**RECORDS FOR THE TASK:**
______
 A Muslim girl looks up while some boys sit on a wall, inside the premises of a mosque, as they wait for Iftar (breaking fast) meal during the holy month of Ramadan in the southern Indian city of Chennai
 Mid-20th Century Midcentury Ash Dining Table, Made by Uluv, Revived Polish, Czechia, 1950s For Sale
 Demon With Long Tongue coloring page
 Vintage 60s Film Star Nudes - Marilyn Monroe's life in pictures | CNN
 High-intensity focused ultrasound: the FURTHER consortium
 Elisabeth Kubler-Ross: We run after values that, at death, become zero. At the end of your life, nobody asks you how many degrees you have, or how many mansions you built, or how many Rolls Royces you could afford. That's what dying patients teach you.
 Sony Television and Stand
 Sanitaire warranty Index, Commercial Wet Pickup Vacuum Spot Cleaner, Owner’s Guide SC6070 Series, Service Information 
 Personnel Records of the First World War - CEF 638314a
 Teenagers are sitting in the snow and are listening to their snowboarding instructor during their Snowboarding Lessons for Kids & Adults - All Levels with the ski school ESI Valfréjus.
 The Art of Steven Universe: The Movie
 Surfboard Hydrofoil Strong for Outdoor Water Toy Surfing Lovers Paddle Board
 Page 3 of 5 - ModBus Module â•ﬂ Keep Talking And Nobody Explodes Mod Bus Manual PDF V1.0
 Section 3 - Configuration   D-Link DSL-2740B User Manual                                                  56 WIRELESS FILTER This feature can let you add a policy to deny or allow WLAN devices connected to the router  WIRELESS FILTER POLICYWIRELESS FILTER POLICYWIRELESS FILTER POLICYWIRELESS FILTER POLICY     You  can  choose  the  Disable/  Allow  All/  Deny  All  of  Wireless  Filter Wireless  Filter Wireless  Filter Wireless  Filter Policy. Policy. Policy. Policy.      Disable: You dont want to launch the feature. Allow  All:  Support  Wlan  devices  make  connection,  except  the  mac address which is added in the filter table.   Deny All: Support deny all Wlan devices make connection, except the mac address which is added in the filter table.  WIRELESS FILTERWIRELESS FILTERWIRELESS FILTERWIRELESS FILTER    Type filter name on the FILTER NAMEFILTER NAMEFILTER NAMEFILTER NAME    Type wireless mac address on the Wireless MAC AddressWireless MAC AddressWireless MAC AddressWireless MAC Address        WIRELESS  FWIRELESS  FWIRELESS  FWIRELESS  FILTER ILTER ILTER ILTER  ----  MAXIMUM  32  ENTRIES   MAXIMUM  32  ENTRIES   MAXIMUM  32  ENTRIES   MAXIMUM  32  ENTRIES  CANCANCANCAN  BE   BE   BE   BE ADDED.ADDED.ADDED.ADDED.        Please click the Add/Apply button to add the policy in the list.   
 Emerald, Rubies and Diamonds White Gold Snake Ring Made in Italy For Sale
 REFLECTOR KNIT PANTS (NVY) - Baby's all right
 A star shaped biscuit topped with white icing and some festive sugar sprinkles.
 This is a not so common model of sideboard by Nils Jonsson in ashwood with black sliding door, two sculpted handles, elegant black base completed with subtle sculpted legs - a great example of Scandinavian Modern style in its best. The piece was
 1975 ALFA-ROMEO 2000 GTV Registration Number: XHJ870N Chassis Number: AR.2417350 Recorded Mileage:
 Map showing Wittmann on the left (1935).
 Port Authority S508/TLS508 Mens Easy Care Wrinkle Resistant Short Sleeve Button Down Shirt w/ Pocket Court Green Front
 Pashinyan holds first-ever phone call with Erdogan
______
**ABOUT THIS EXERCISE:**
Above are some records; extract every one of them exactly.

**EXERCISE RESULT:**
 A Muslim girl looks up while some boys sit on a wall, inside the premises of a mosque, as they wait for Iftar (breaking fast) meal during the holy month of Ramadan in the southern Indian city of Chennai
 Mid-20th Century Midcentury Ash Dining Table, Made by Uluv, Revived Polish, Czechia, 1950s For Sale
 Demon With Long Tongue coloring page
 Vintage 60s Film Star Nudes - Marilyn Monroe's life in pictures | CNN
 High-intensity focused ultrasound: the FURTHER consortium
 Elisabeth Kubler-Ross: We run after values that, at death, become zero. At the end of your life, nobody asks you how many degrees you have, or how many mansions you built, or how many Rolls Royces you could afford. That's what dying patients teach you.
 Sony Television and Stand
 Sanitaire warranty Index, Commercial Wet Pickup Vacuum Spot Cleaner, Owner’s Guide SC6070 Series, Service Information 
 Personnel Records of the First World War - CEF 638314a
 Teenagers are sitting in the snow and are listening to their snowboarding instructor during their Snowboarding Lessons for Kids & Adults - All Levels with the ski school ESI Valfréjus.
 The Art of Steven Universe: The Movie
 Surfboard Hydrofoil Strong for Outdoor Water Toy Surfing Lovers Paddle Board
 Page 3 of 5 - ModBus Module â•ﬂ Keep Talking And Nobody Explodes Mod Bus Manual PDF V1.0
 Section 3 - Configuration   D-Link DSL-2740B User Manual                                                  56 WIRELESS FILTER This feature can let you add a policy to deny or allow WLAN devices connected to the router  WIRELESS FILTER POLICYWIRELESS FILTER POLICYWIRELESS FILTER POLICYWIRELESS FILTER POLICY     You  can  choose  the  Disable/  Allow  All/  Deny  All  of  Wireless  Filter Wireless  Filter Wireless  Filter Wireless  Filter Policy. Policy. Policy. Policy.      Disable: You dont want to launch the feature. Allow  All:  Support  Wlan  devices  make  connection,  except  the  mac address which is added in the filter table.   Deny All: Support deny all Wlan devices make connection, except the mac address which is added in the filter table.  WIRELESS FILTERWIRELESS FILTERWIRELESS FILTERWIRELESS FILTER    Type filter name on the FILTER NAMEFILTER NAMEFILTER NAMEFILTER NAME    Type wireless mac address on the Wireless MAC AddressWireless MAC AddressWireless MAC AddressWireless MAC Address        WIRELESS  FWIRELESS  FWIRELESS  FWIRELESS  FILTER ILTER ILTER ILTER  ----  MAXIMUM  32  ENTRIES   MAXIMUM  32  ENTRIES   MAXIMUM  32  ENTRIES   MAXIMUM  32  ENTRIES  CANCANCANCAN  BE   BE   BE   BE ADDED.ADDED.ADDED.ADDED.        Please click the Add/Apply button to add the policy in the list.   
 Emerald, Rubies and Diamonds White Gold Snake Ring Made in Italy For Sale
 REFLECTOR KNIT PANTS (NVY) - Baby's all right
 A star shaped biscuit topped with white icing and some festive sugar sprinkles.
 This is a not so common model of sideboard by Nils Jonsson in ashwood with black sliding door, two sculpted handles, elegant black base completed with subtle sculpted legs - a great example of Scandinavian Modern style in its best. The piece was
 1975 ALFA-ROMEO 2000 GTV Registration Number: XHJ870N Chassis Number: AR.2417350 Recorded Mileage:
 Map showing Wittmann on the left (1935).
 Port Authority S508/TLS508 Mens Easy Care Wrinkle Resistant Short Sleeve Button Down Shirt w/ Pocket Court Green Front
 Pashinyan holds first-ever phone call with Erdogan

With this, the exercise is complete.